There are times when those who get bad news, really bad news, lack the emotional and cognitive capacity to absorb that news. In other words it’s like trying to eat an entire elephant in one bite. Like a deer in the headlights of a huge truck I had no idea of how to process what was happening or what was about to happen. The doorbell rang and my Mom ushered in the minister from our church. He was new to our church and didn’t know anyone well. In retrospect I think he was as shocked as I was. Ministers were supposed to fix things, to make people feel better, to boldly proclaim that God is good and that he will shepherd us through the valley of the shadow of death. That’s was a tall order when he didn’t even know me. After a few pleasantries he took me into the library and asked “How are you?”
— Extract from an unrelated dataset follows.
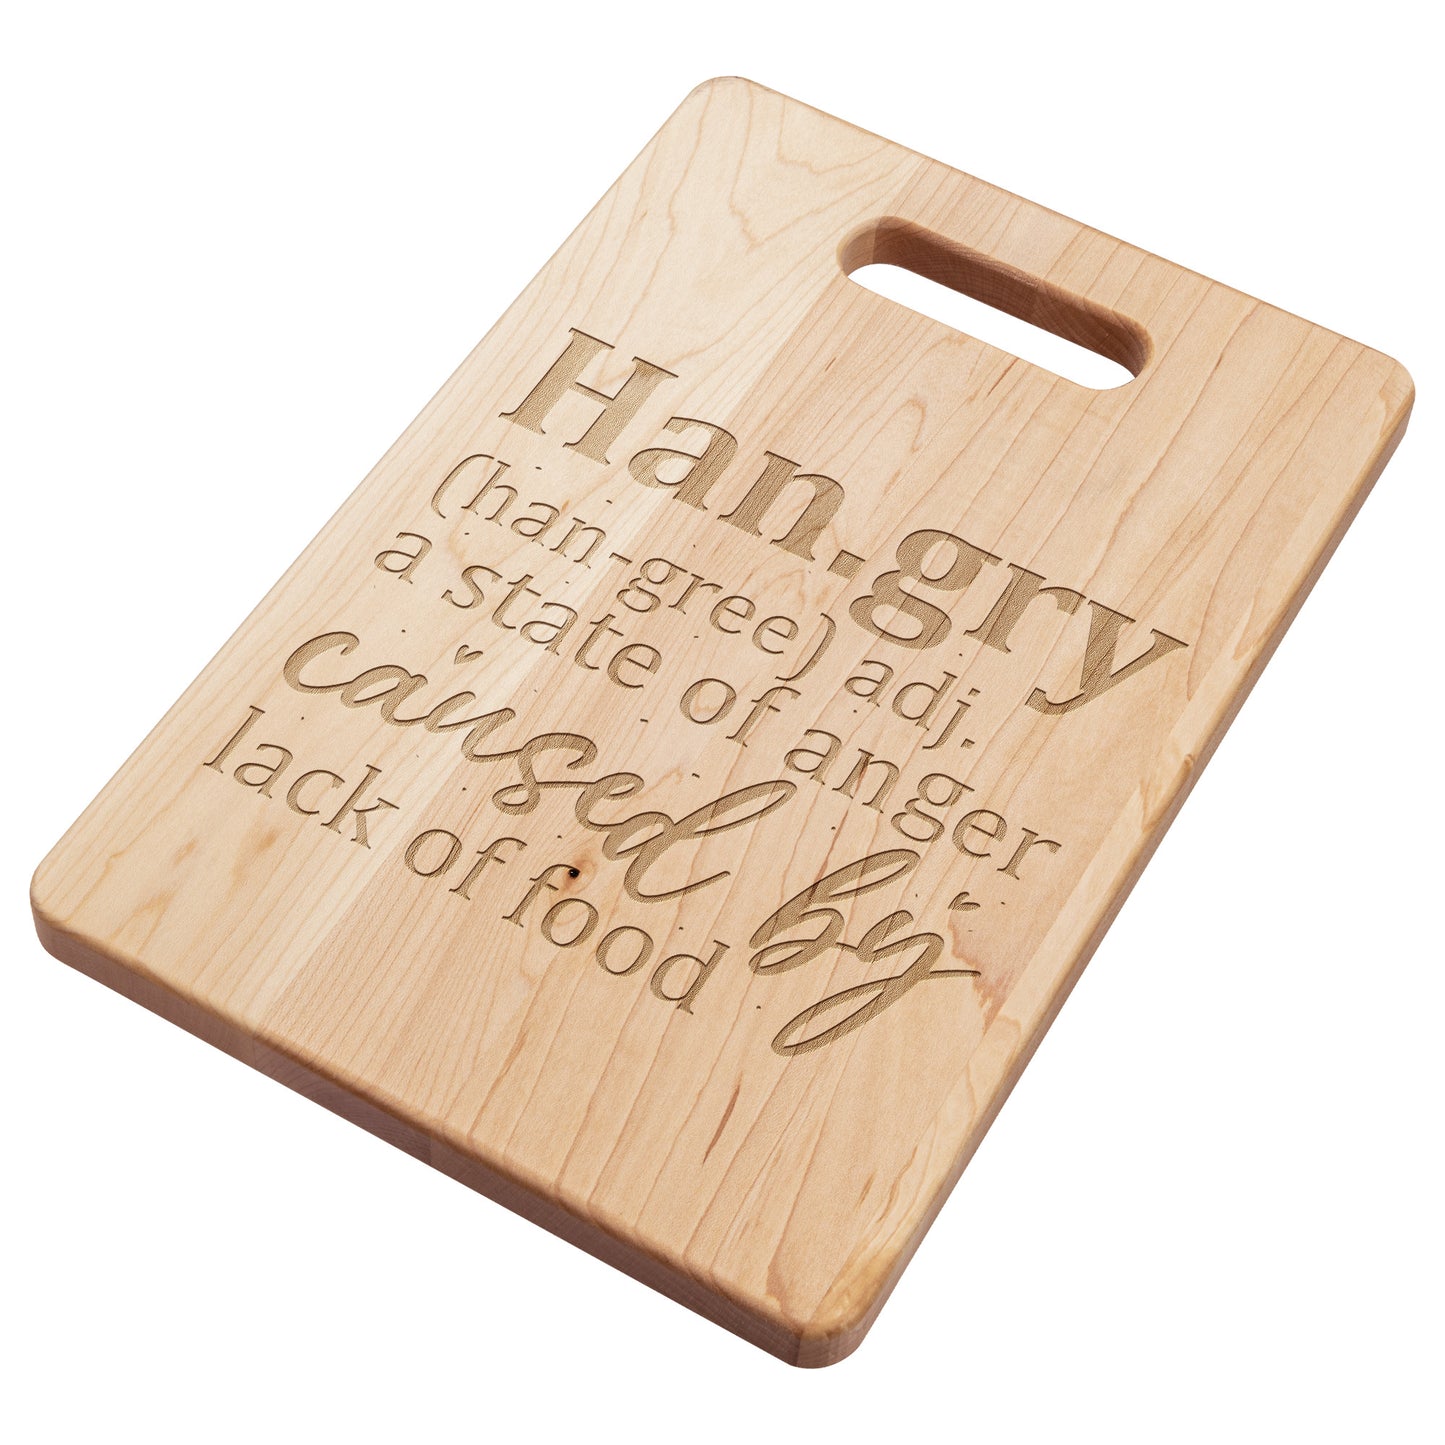 "Hangry" Maple Cutting Board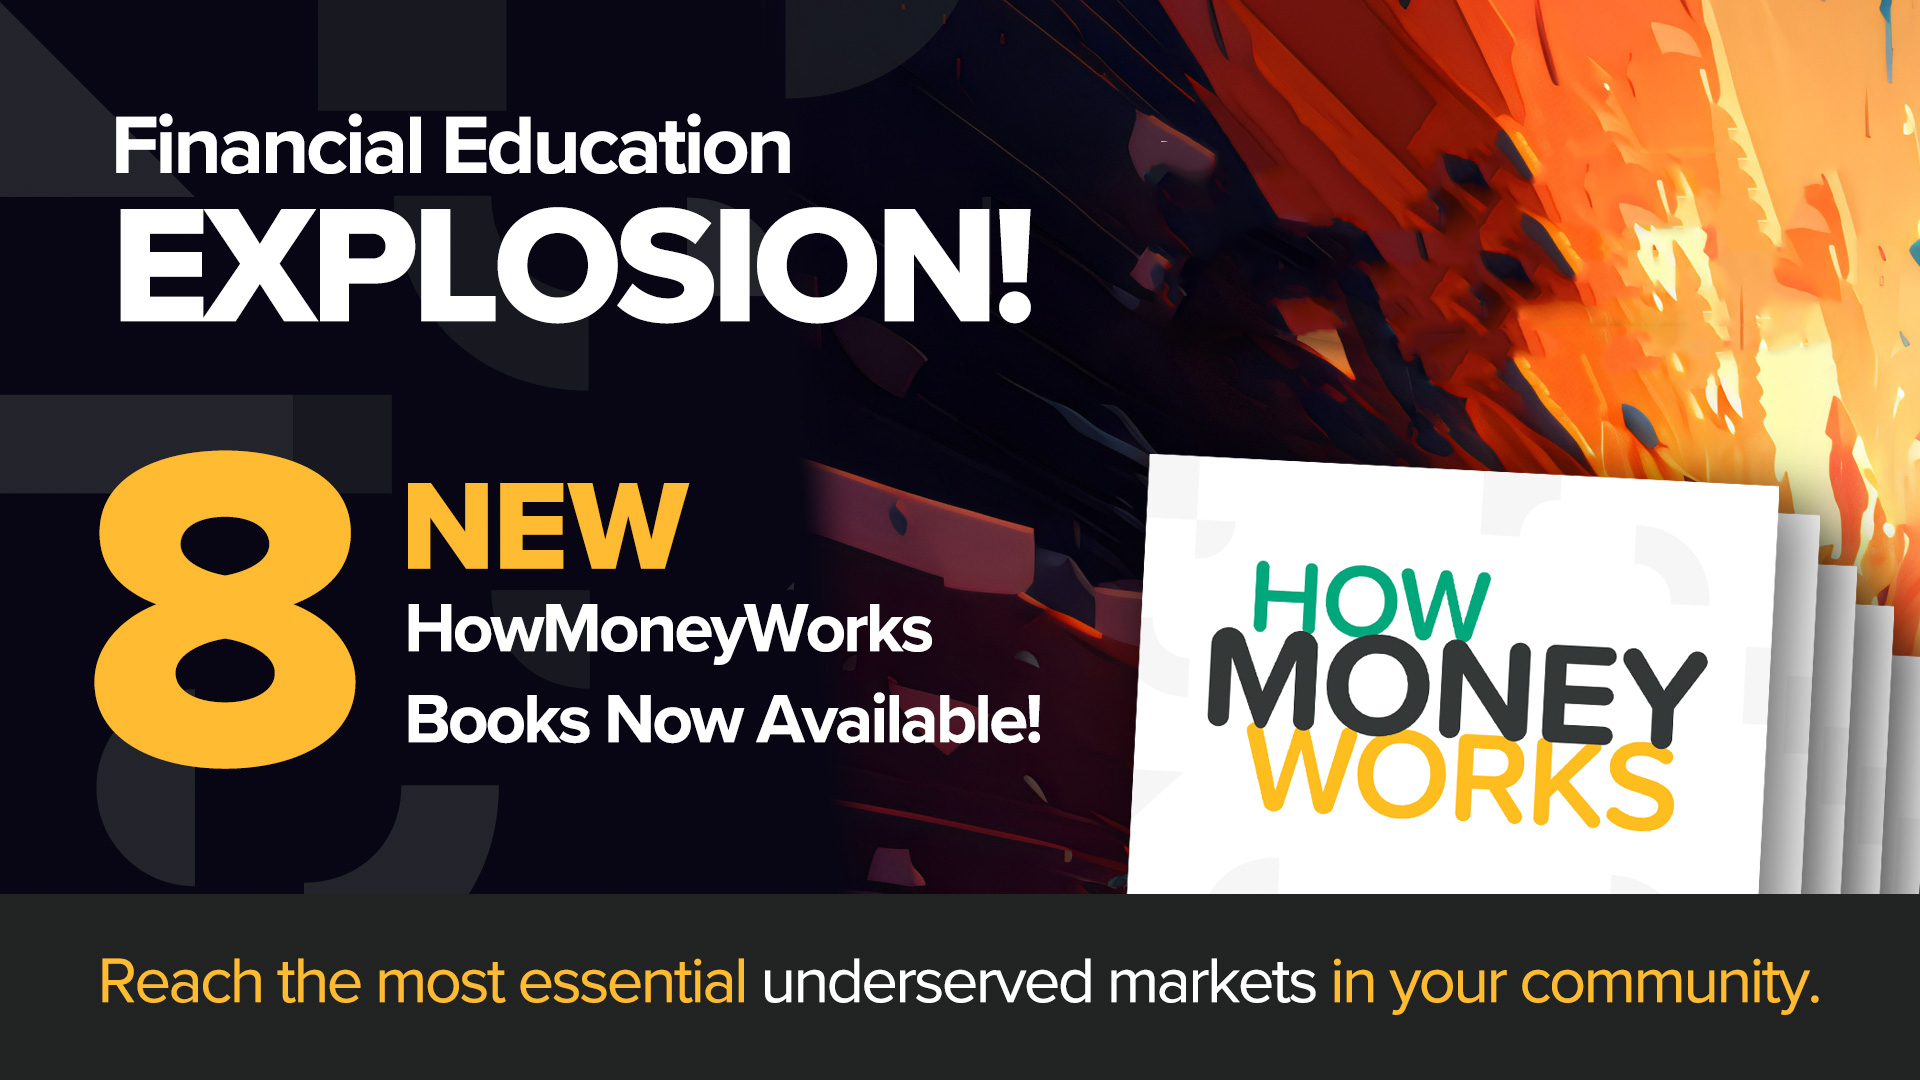 HowMoneyWorks 的 8 本新书--今天，我们推出一系列新的多元化金融知识书籍

There is a story of a man who jumped off a ten story building at each floor they asked him how he was doing at every floor he said, “So far, so good.” How we are doing in our body, mind, heart, spirit and soul is a complex question. I wasn’t much of a Christian back then. I’d read enough of the Bible, gone to church enough and prayed enough to be a very promising Pharisee. My understanding of grace was sorely lacking. My experience with the Holy Spirit was miniscule. I didn’t want or even know how to be vulnerable in front of the minister. In this moment of crisis I fell back on one of the stories I’d heard in church. It was the familiar story of the footsteps in sand. I man had a dream where he was walking on a beach. As he looked back he saw two pairs of footsteps in the sand. The footsteps represented the journey of his life. When it came to the really difficult times in his life one of the sets of footsteps disappeared. The man asked God, “Why did you abandon me during those difficult times?” God said those were the times I carried you.” In the pressure to respond to the question of “How are you?” I said, “I don’t feel that God has abandoned me.” That was the best I had at that moment.

When we get pressed and shocked beyond our human capacity to respond we fall back on the spiritual tools we’ve learned and absorbed. What are some of the spiritual tools that work best for life’s unexpected and often dreaded surprises?